Si desmarañamos esta petición de los padres sería: Si el hijo obedece y estudia sin ganas, cumple con lo que le piden sus padres, pero no satisface totalmente el deseo de ellos. Si estudia con ganas, implica que lo hace espontáneamente y no por el hecho de que sus padres se lo hayan pedido. Conclusión: haga lo que haga no puede complacer a sus padres totalmente situación que le conduce a estar a la parcial o completa incapacidad y frustración.
Lo mejor para manejar esta situación es aprender a pedir a los hijos cosas concretas, no pedirles estados de ánimo o motivaciones.
“Sé mucho mejor que tú lo que sientes”.
Una dificultad que conduce al conflicto se presenta cuando se atribuyen estados de ánimo a la otra persona inexistentes. Un adolescente vuelve a casa después de clase, callado, con actitud seria y se va a su cuarto. Los padres entran y le dicen “estás enfadado”, “has tenido mal día ya lo sé yo” y así va sucediendo una comunicación en la que el hijo contesta: “No estoy enfadado, dejarme en paz”. La profecía se cumple. Lo que podría ser un leve enfado, un estado de reserva interior, un espacio reflexivo y autónomo se convierte en una expresión de enfado.
Para este tipo de situaciones lo más apropiado es preguntar antes de sentenciar, comprender que podemos conocer a una persona pero que lo más cuidadoso es permitir que el otro exprese cuando decida, aunque sea un adolescente o un niño más pequeño.
“Deja, ya lo hago yo”.
Seguro que podemos recordar una situación en la que hemos dicho o nos han dicho, “deja, lo hago yo, podrías hacerte daño”. Este tipo de mensajes contienen un contenido implícito que en realidad pueden descalificar sutilmente las capacidades de la otra persona. Lo que implícitamente se está diciendo es: “no creo que seas capaz de hacerlo”. Si este tipo de mensajes conforman la comunicación entre padres e hijos hemos de pensar en un modelo de sobreprotección. Este tipo de situaciones llevan un doble mensaje” lo hago por ti, porque te quiero y además porque creo que solo no podrías lograrlo”.

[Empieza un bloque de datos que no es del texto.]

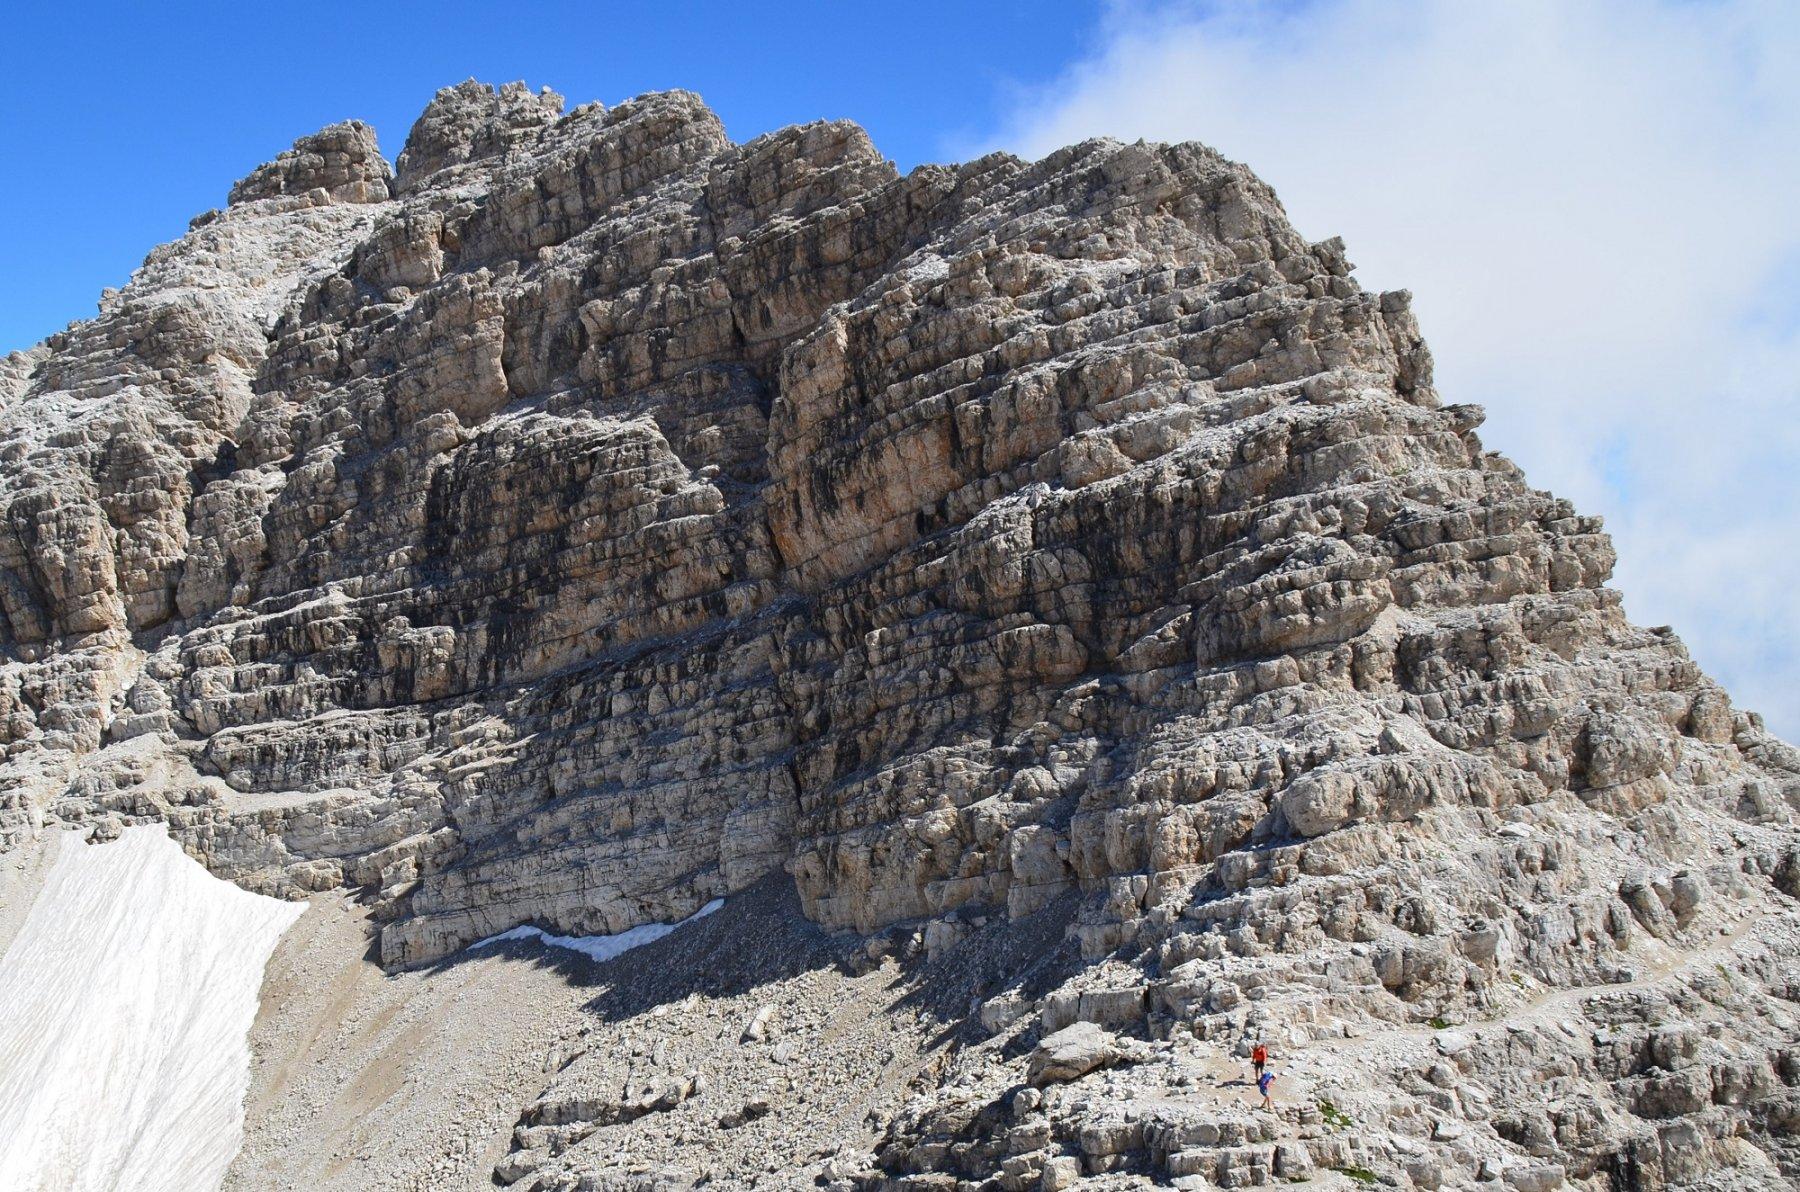 La frastagliata cresta sud del Campanile di Vallesinella

La sobreprotección es un modelo que conduce a hijos con baja autoestima, inseguros, carentes de experiencias que haya podido afrontar solos.
Se aconseja que podamos permitir que los niños experimenten situaciones que tengan que afrontar ellos solos. Pueden pedir consejo, ideas, todo ello no implica abandonarles, pero únicamente ellos deben ser los protagonistas de sus logros para desarrollar su propia confianza y autoestima.
“Lo hago solo por ti”.
Hay padres que hacen o dan cosas sin que los hijos lo hayan pedido. Si su sacrificio no es apreciado, se enfadan, se lamentan y tachan los hijos de ingratos o se instalan en el silencio de víctima. El mensaje es “lo hago por ti”. El hijo se encuentra en una situación de deuda no solicitada, experimenta emociones ambivalentes; Debería dar las gracias por la generosidad, pero al mismo tiempo se siente enfadado porque él no ha solicitado ni deseado esta generosidad.
Ej.: Padres que recogen el cuarto de hijo sin que lo pida. Cuando el hijo lo ve, los padres le expresan su cansancio, lo duro que ha sido recogerlo todo y las cosas que han tenido que renunciar para hacerlo. El hijo enfadado puede contestar “no te lo pedí” y recibe la respuesta implacable “creí que te gustaría, con todos los sacrificios que hago por ti, podrías ser más agradecido”.
Todos estos conceptos son candidatos a ser analizados ya que todos tenemos el compromiso de crear un ambiente, un modelo y una comunicación familiar clara y cooperativa. Sin embargo, existen aspectos en los que hay que poder afinar para no enloquecer a los más pequeños. Cuando innovamos no poseemos un punto de referencia, estamos destinados a probar y por ello, susceptibles de correr el riesgo de funcionar, como el de fallar y dañar.